Exercise data —
========================================
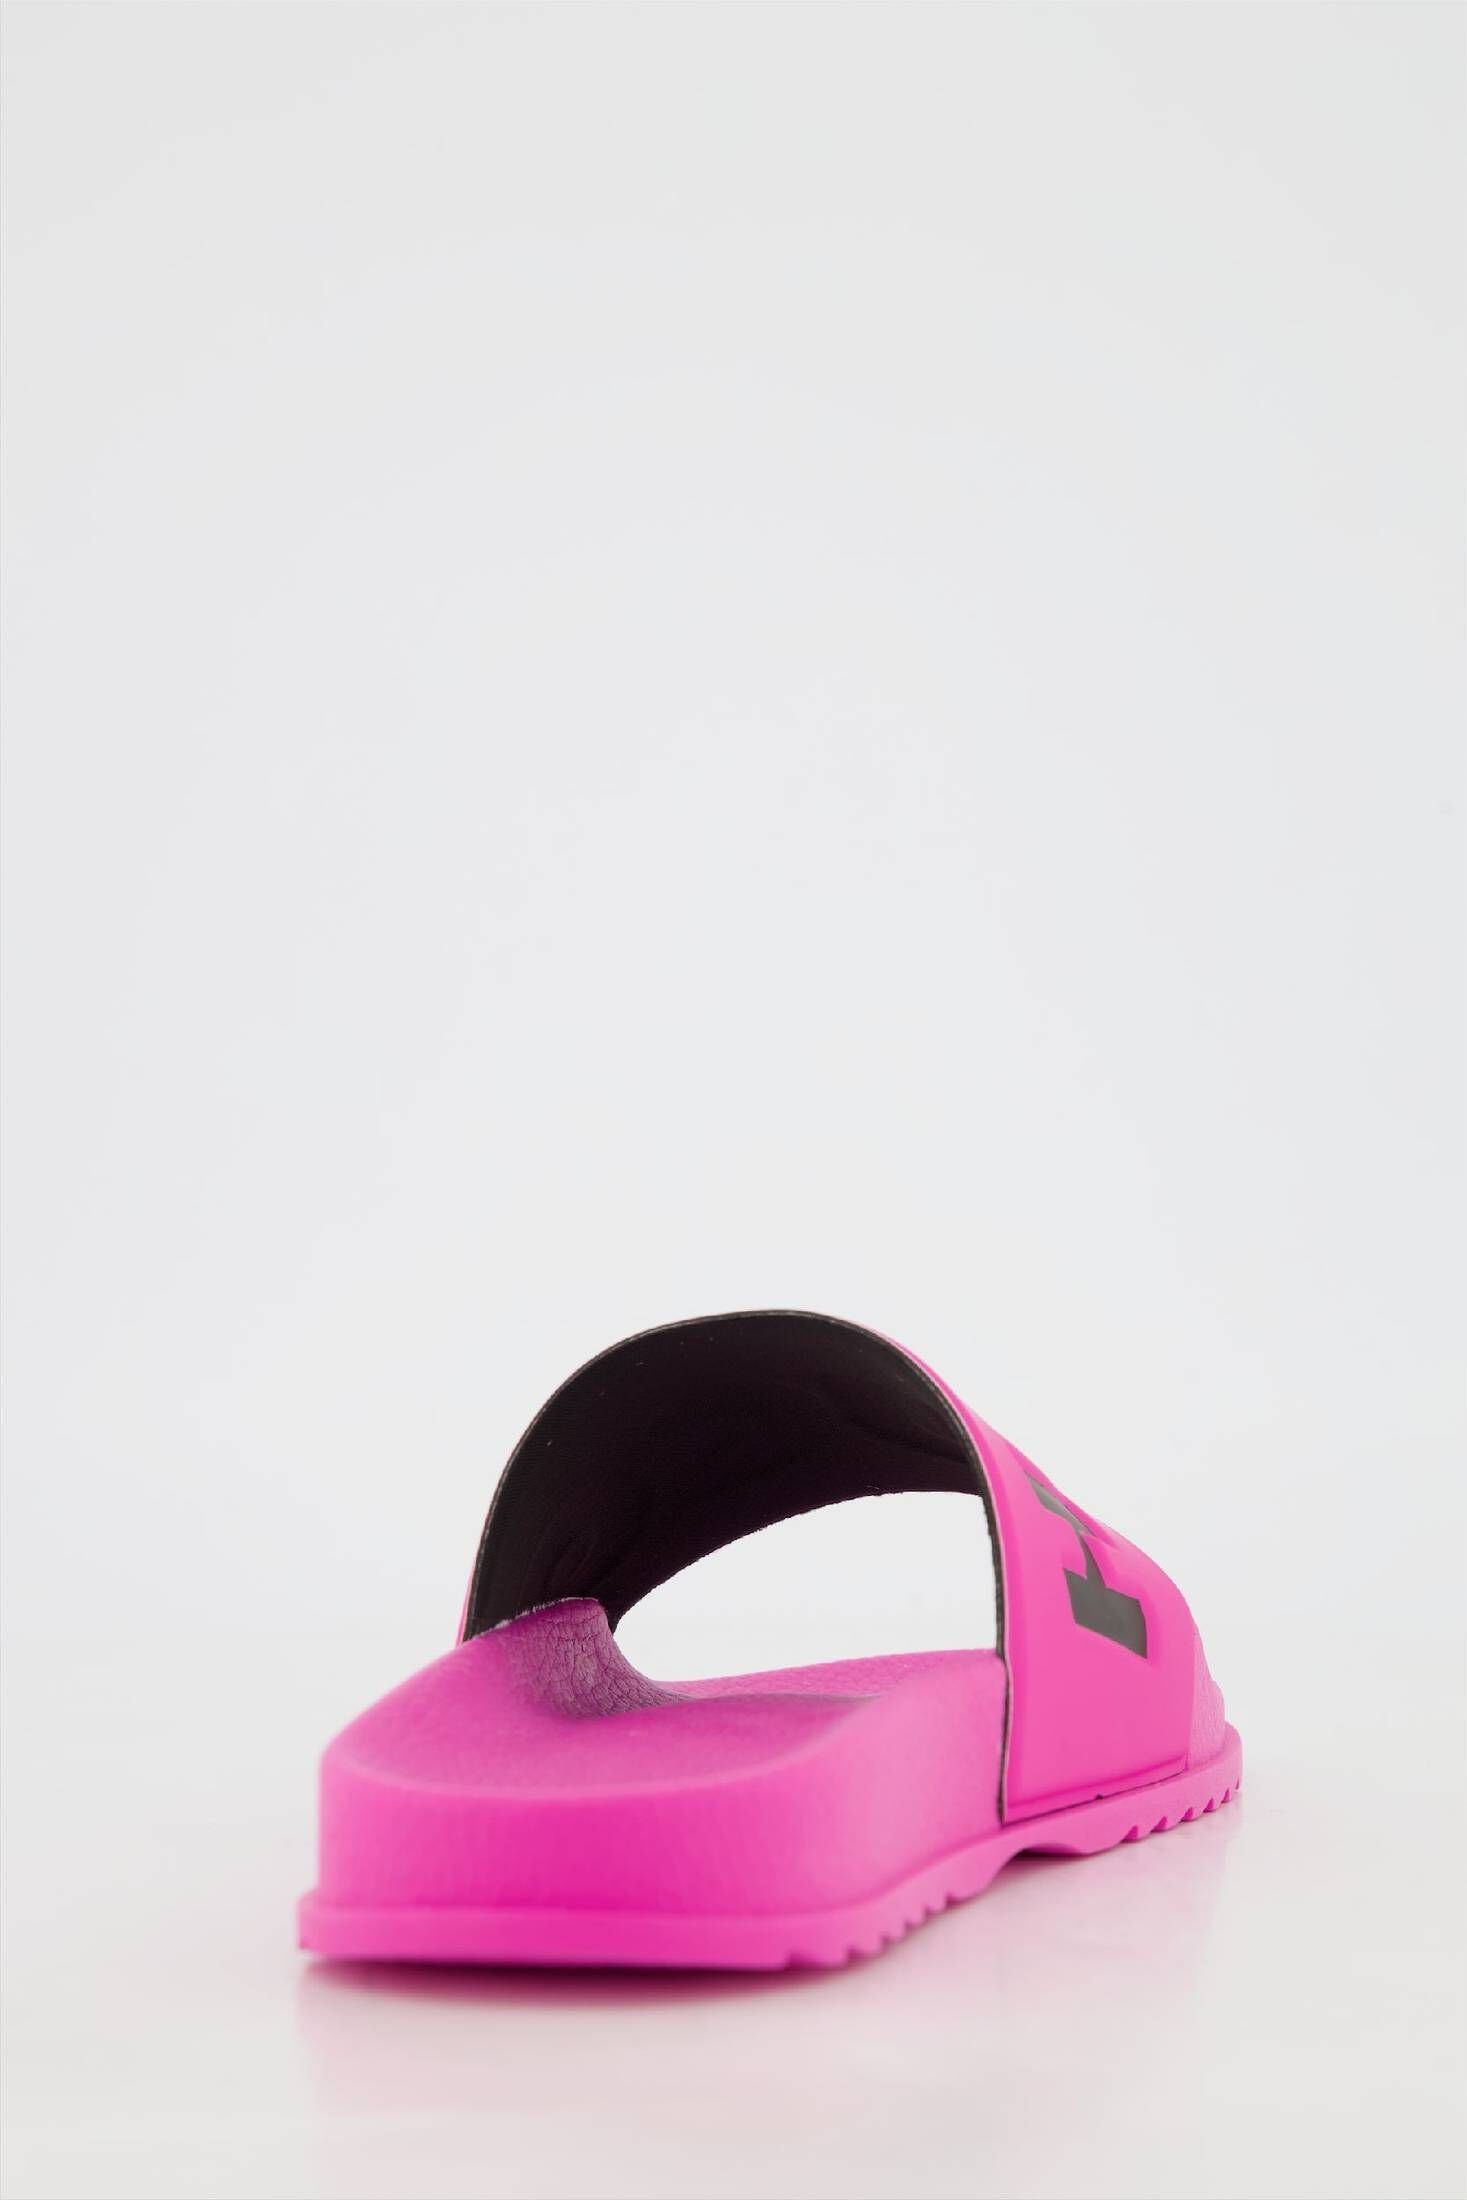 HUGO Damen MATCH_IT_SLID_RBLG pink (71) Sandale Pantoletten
========================================
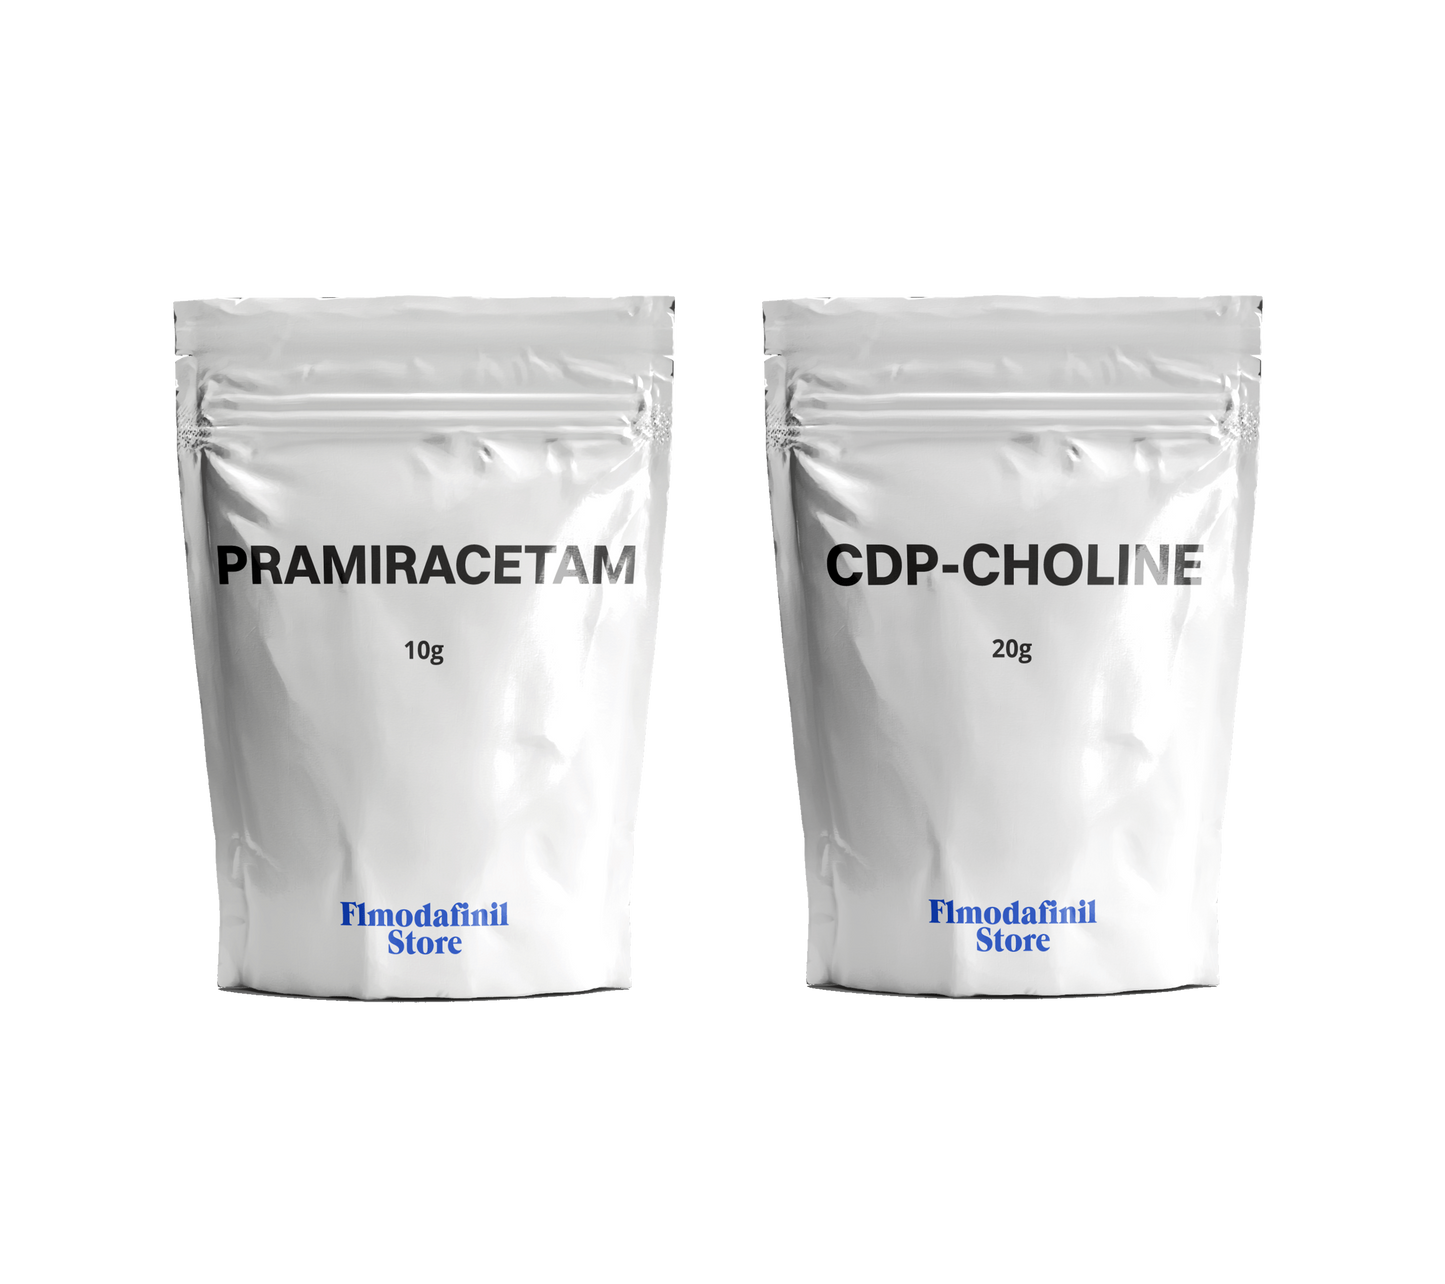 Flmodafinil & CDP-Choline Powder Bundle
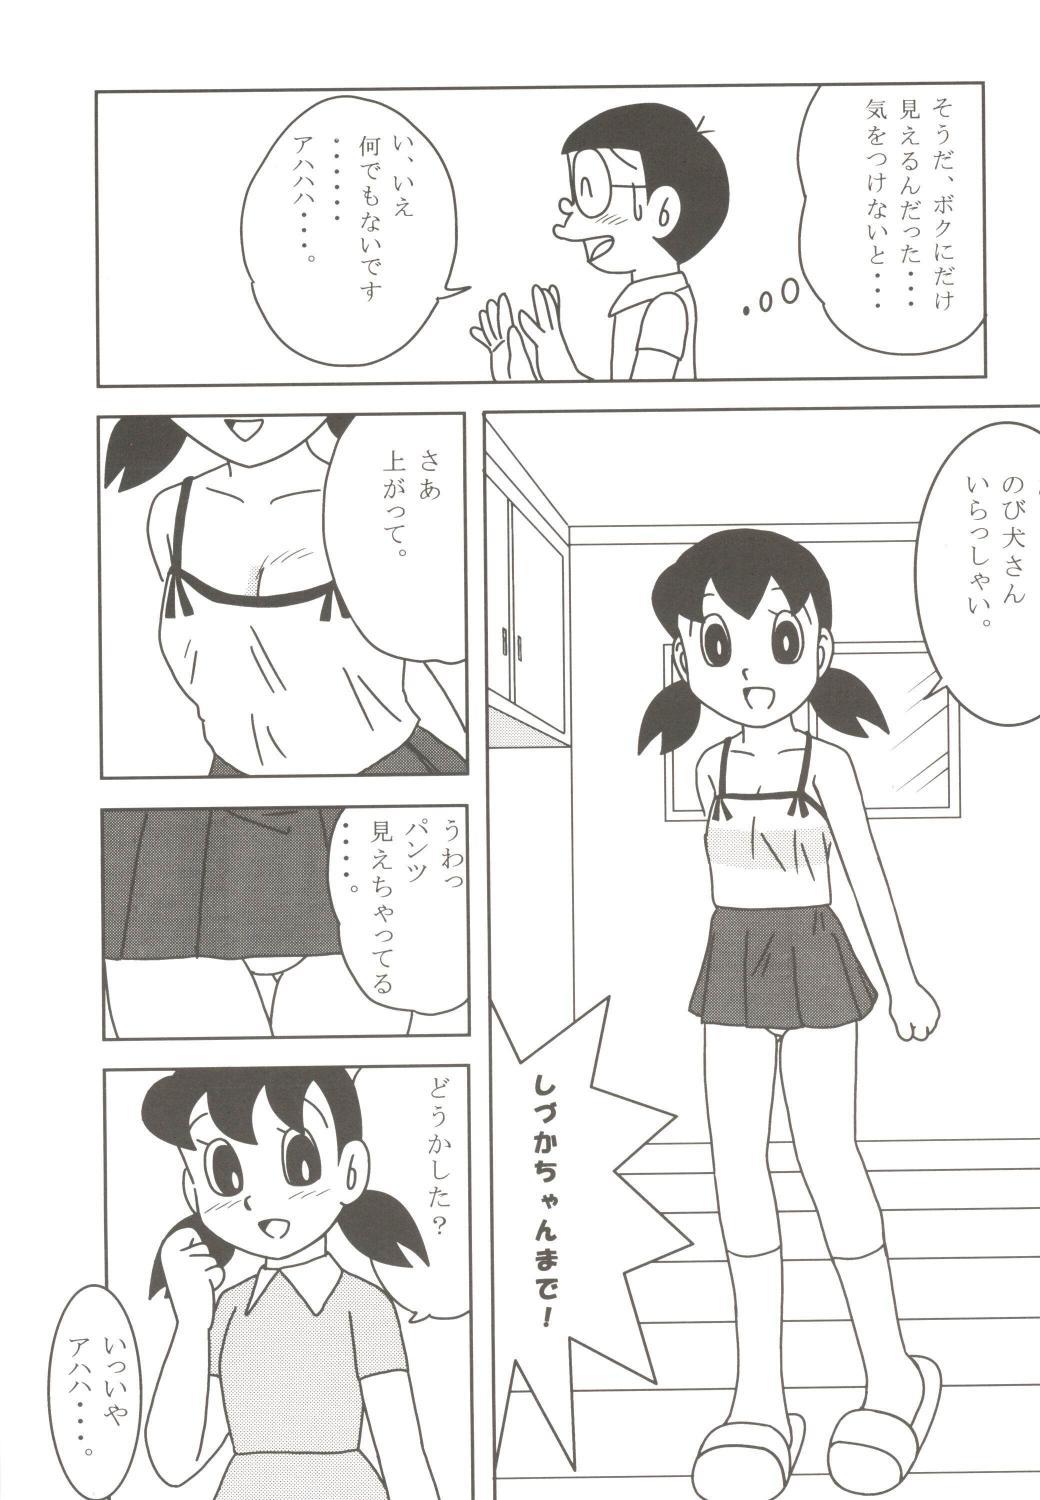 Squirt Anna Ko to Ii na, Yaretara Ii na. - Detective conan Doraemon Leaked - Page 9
========================================
Of the lines above, copy only those from the one holding "Flmodafinil & CDP-Choline Powder Bundle" to the one holding "Squirt Anna Ko", both included, and exclude every image.

 Flmodafinil & CDP-Choline Powder Bundle
 Squirt Anna Ko to Ii na, Yaretara Ii na. - Detective conan Doraemon Leaked - Page 9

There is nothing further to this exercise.